Киттредж переменила тему.
- А альпинизмом вы когда-нибудь занимались? - спросила она меня. И когда я отрицательно покачал головой, сказала: - Это примерно такой же кошмар, как и тренировки на Ферме, когда тебя заставляют выскочить из земляного окопа и взобраться по забору из сетки за то время, пока луч вращающегося прожектора не осветил участок. - Она умолкла, но не из предосторожности, а скорее прикидывая, когда меня к этому допустят. - Вы, наверное, займетесь этим примерно через год. Сетка, через которую надо перелезать, скопирована с Гроссе-Ульнер в Восточной Германии…
Хью Монтегю раздвинул губы в отнюдь не веселой улыбке.
- Киттредж, не практикуйся в неосторожности - у тебя другая профессия.

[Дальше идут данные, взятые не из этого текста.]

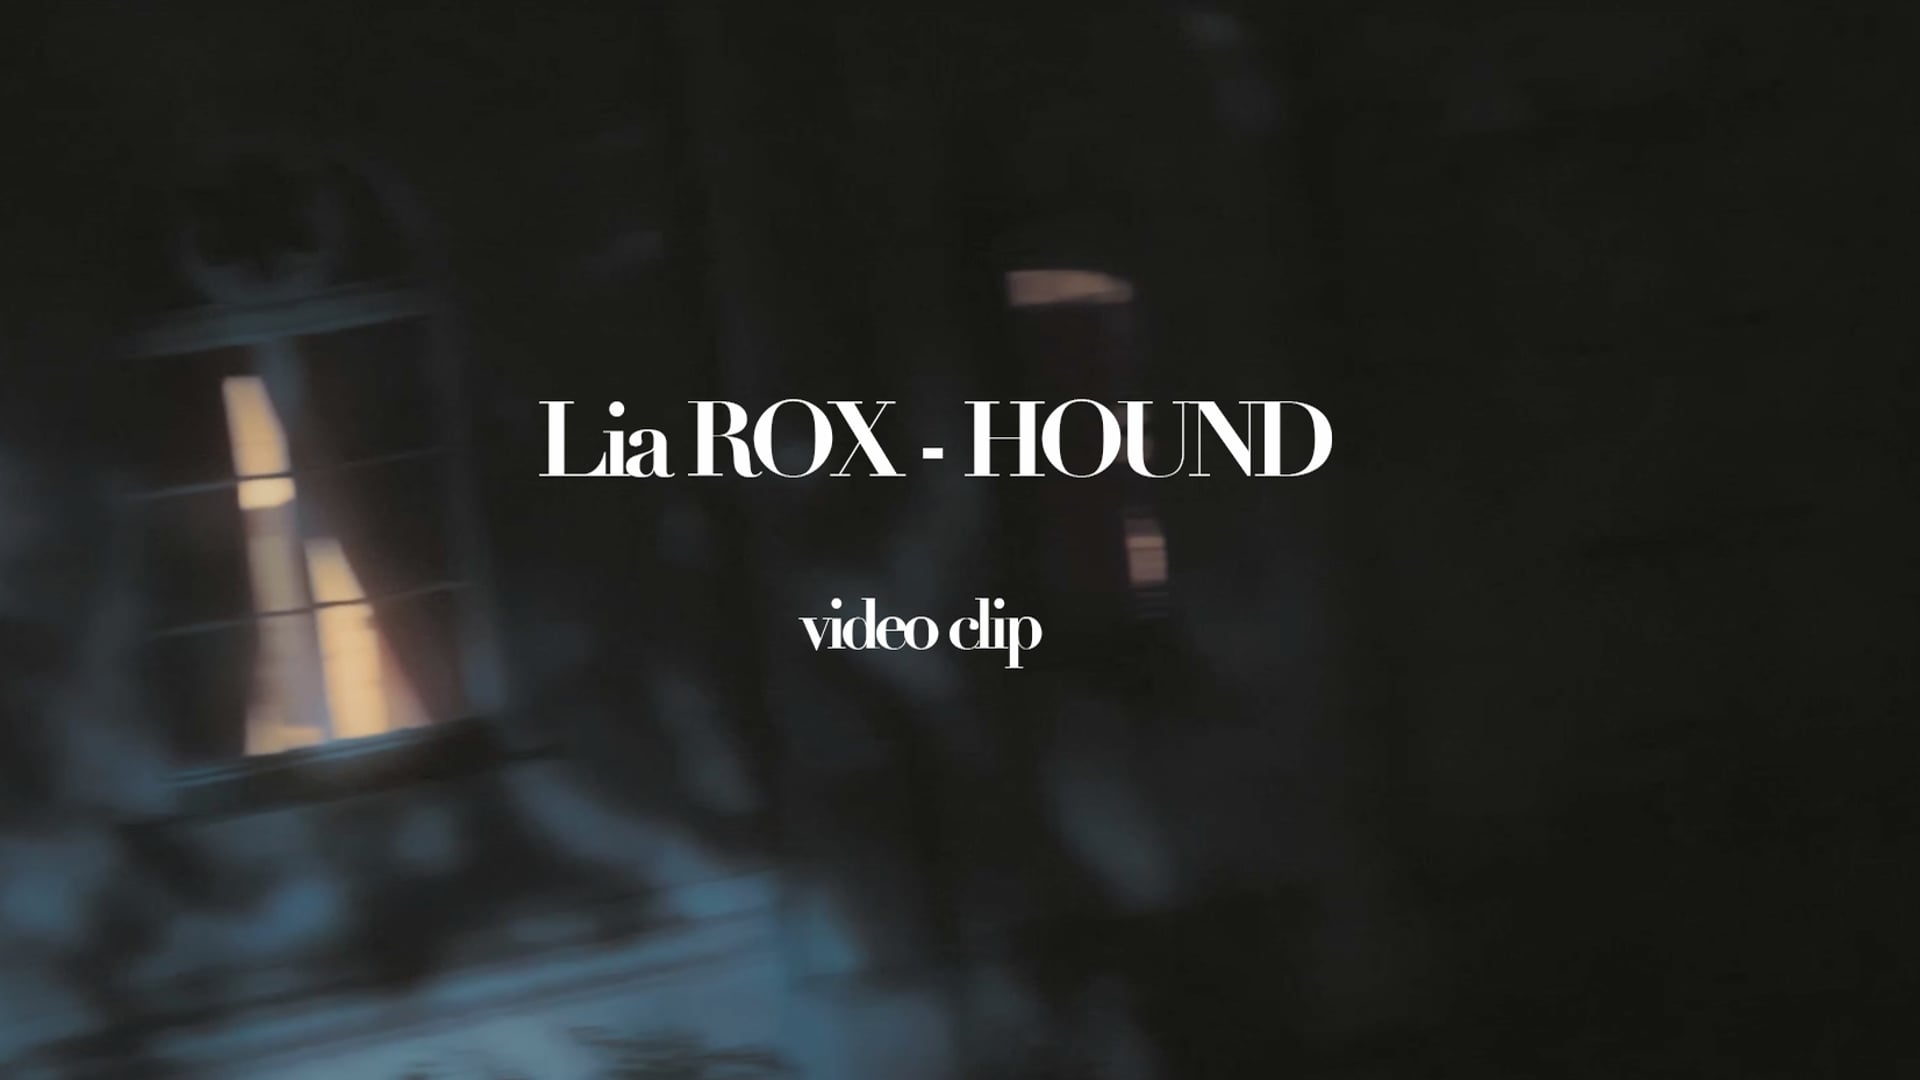 Hound - Lia Rox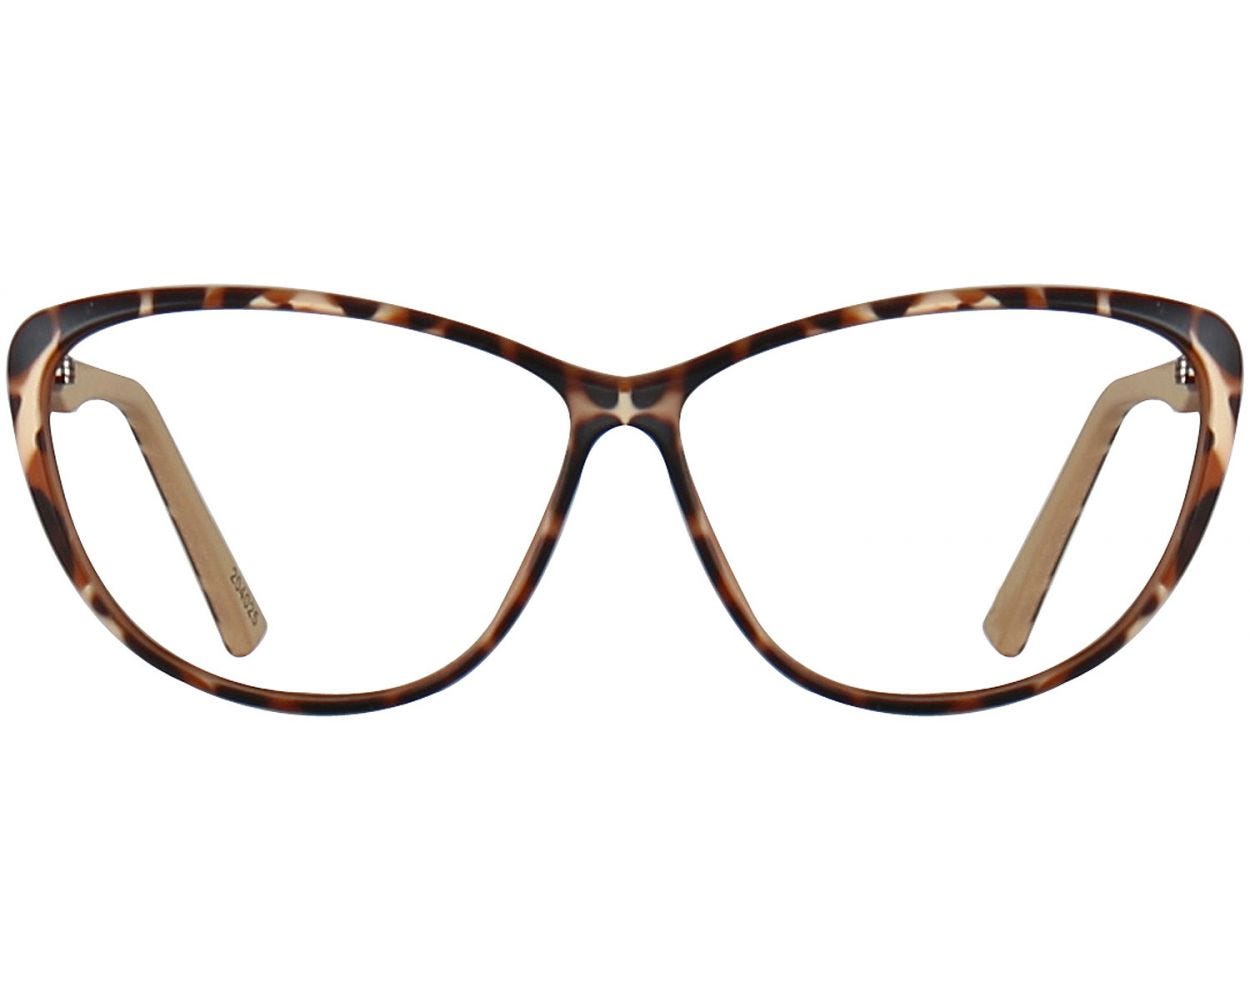 wooden cateye glasses frames

- Да, - сказала Киттредж. - Но ведь я дома. И я хочу разговаривать. Мы не в Вашингтоне, и мне надоело ходить с одного коктейля на другой, вести пустую болтовню и изображать из себя мелкого клерка в министерстве финансов. "О-о, - говорят тебе, - и какими же документами вы занимаетесь?" - "Кучей всякого всего, - отвечаю я. - Статистикой". Мои собеседники знают, что я лгу. Я же явно психшпионка. Это выпирает наружу.
- Наружу выпирает то, как ты испорчена, - заметил ее жених.
- Как же я могу быть не испорченной? Я ведь единственное дитя, - сказала Киттредж. - А вы испорчены? - спросила она меня.
- Наполовину, - сказал я, и, поскольку никто не отреагировал, пришлось пуститься в объяснения.
Киттредж, казалось, с интересом слушала.
- Да нет, вы вконец испорчены, - сказала она, - у вас же переизбыток призраков. - И она приподняла дивную белую руку, словно изображая церемониймейстера на многолюдном благотворительном балу. - Но я всем обещала не заниматься теоретизированием в этот уик-энд. Есть люди, которые слишком много пьют, а я слишком много теоретизирую. Как ты думаешь, это болезнь, Хью?
- Предпочтительнее пьянства, - заметил он.
- Я расскажу вам про переизбыток призраков, когда мы будем одни, - обращаясь ко мне, громогласно объявила она.
Я внутренне съежился. Хью Монтегю был собственником. И, глядя, как она мило улыбается мне, он увидел в ее улыбке конец их романа. И в конечном счете оказался прав - правда, влюбленные обычно сокращают сроки. То, на что нам потребуется свыше пятнадцати лет, представлялось ему сиюминутной опасностью.